A number of years ago I hit a particularly significant birthday and given the alternative was totally thrilled to have made it that far.  A few friends and I decided to celebrate the event by renting a villa in Tuscany, including a rental car (Mercedes)!  In what we thought was brilliant planning we also purchased an Italian chip to insert into a friends’ portable Garmin, so we could “easily” traverse the area.  Ah, again famous last words.

I offered to take the first leg driving from the airport in Pisa to the villa, which was in Arezzo, on the Ferragamo Il Borro Estate.  These Ferragamos are not the fashion family, but rather are owners of a 700 acre estate since 1993.  Besides running a winery there, the Ferragamos are committed to preservation and restoration of an  area that was hard hit during World War II. Our villa was one of a number of homes that were rebuilt after being bombed:






But getting there wasn’t simple, as the fourth member of our party, who was christened Miss Garmin, recommended that we take the Autostrada – Italy’s version of the Autobahn,  a two lane superhighway that runs North to South.  Speed limits are 130 kilometers, or approximately 81 mph.

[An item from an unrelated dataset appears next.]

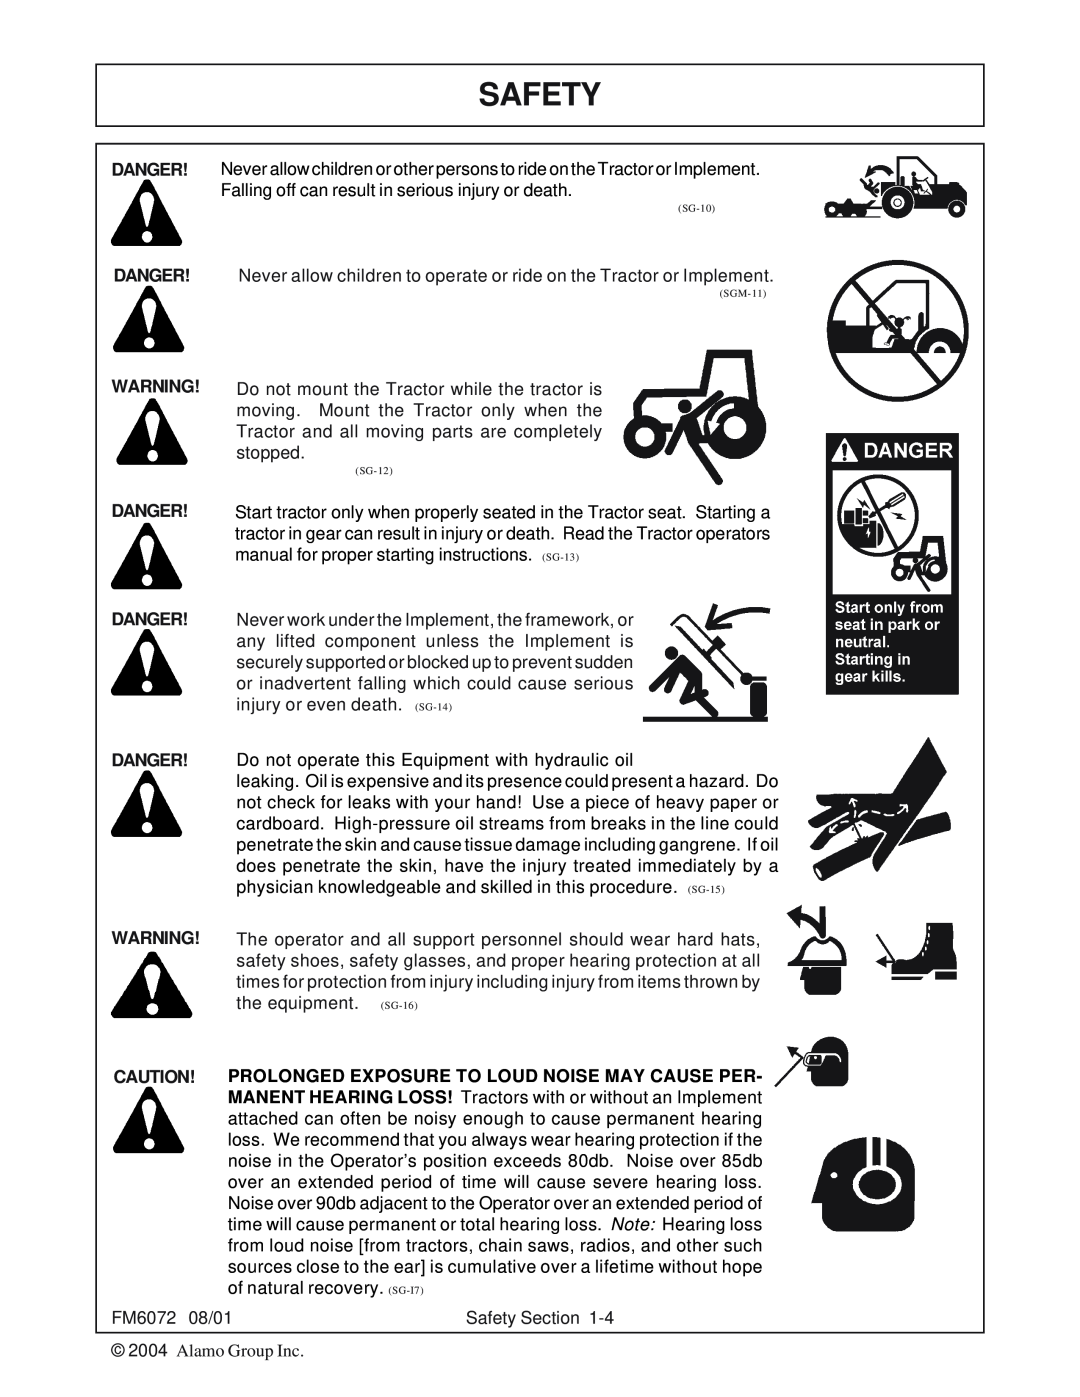 Servis-Rhino FM60/72 manual Safety, Danger, SG-10, SGM-11, SG-12 
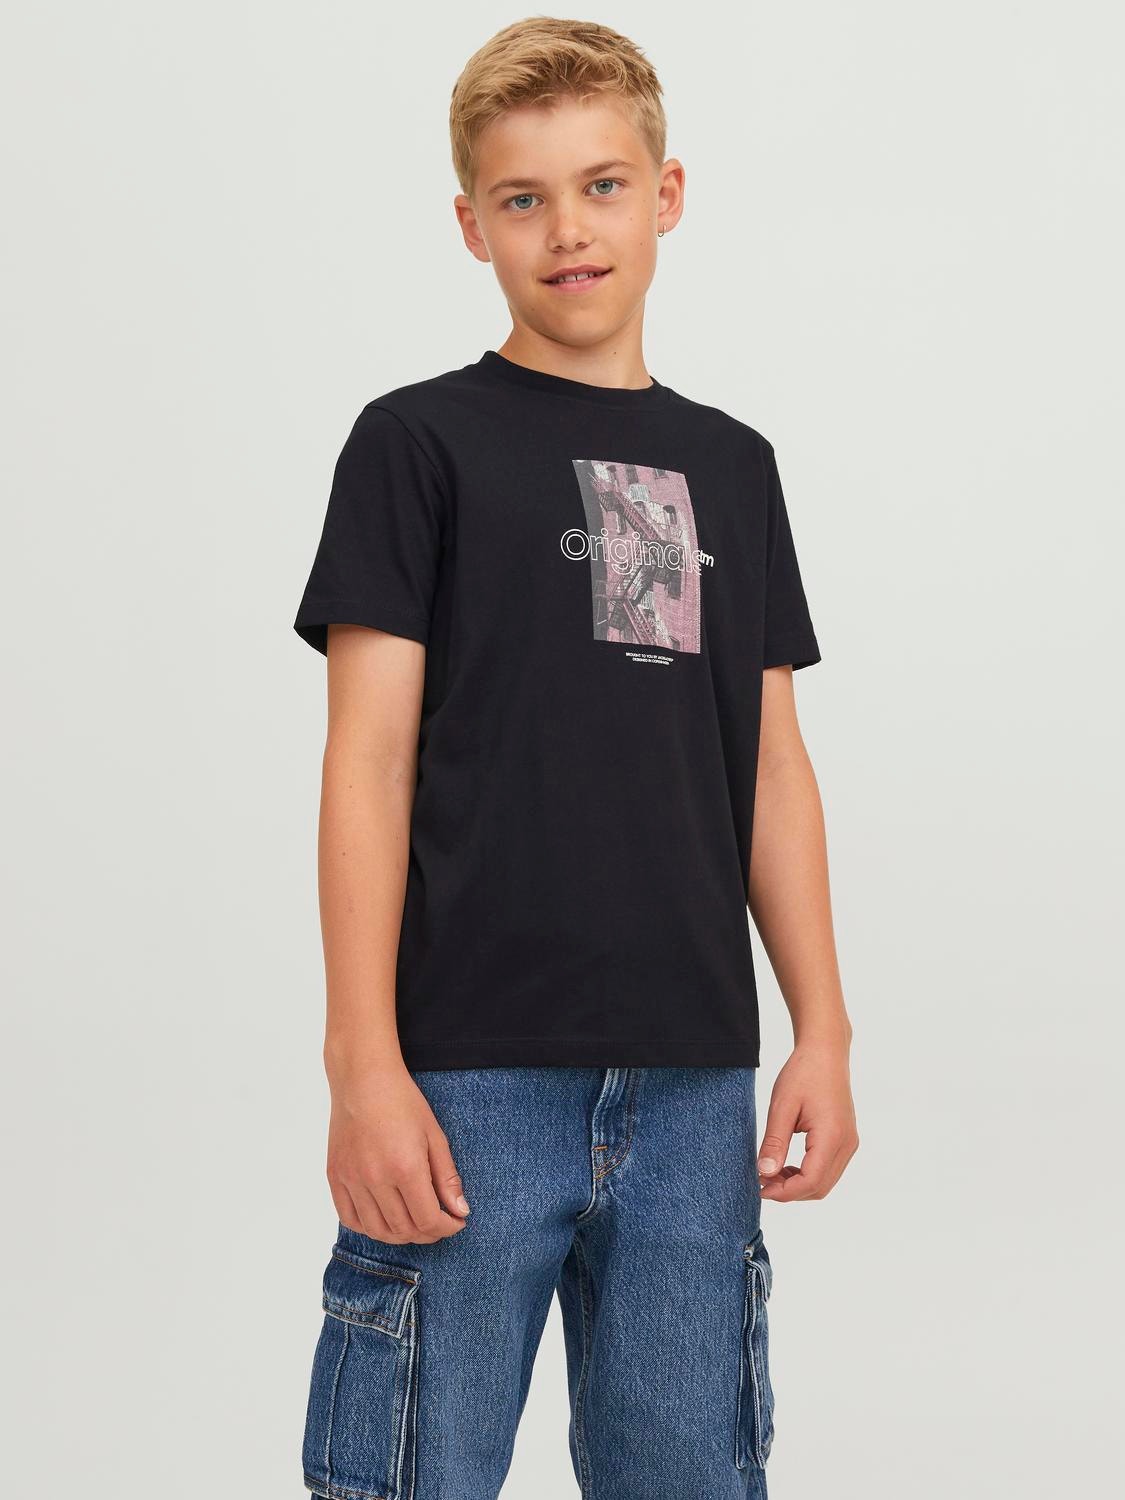 Jack & Jones Photo printed T-shirt For boys -Black - 12242845

According to our calculations, going from Pisa to the Valdarno (Arezzo)  exit of the Autostrada should have taken about 1.5 hours.  Sounds good – all straight highway, little opportunity to go astray, right?  Wrong.  After close to two hours without seeing an EXIT we started to panic , especially since the only signs we saw pointed to Rome – Guess Geoffrey Chaucer was correct when he wrote that all roads lead there:

“Right as diverse pathes leden the folk the righte wey to Rome” –

Treatise on the Astrolabe (Prologue, ll. 39–40), in 1391

Spying a Police Station, we decided to use our limited Italian to get better directions, as Miss Garmin had been silent for quite a while:  “Come arriviamo a Arezzo?   Turns out we had overshot the exit (thanks for giving up a heads up – NOT, Miss Garmin).  The police allowed us to use the emergency lane to turn around and without too much more ado, we found the Valdarno exit.  Now all we had to do was follow a winding steep one lane country road UP the mountains.  I don’t know which was scarier = the locals driving at top speeds (the one  NARROW lane road served BOTH directions – or the fact that we were so close to the edge/falloff.  I have never gripped a steering wheel so hard.

Finally, after about three+ hours we arrived at the Il Borro Estates – and the beauty of it greatly assuaged my exhaustion (that and the magnificent wine we were about to imbibe).





Next up was a visit to a local market to purchase vegetables, fruits, meats, cheeses, fresh pasta and WINE, which in itself was great fun as the family that owned the little store insisted we speak in Italian to order our supplies for the villa (in return we got lots of extras “gratis”).  We made our first meal and retired early to get an early start.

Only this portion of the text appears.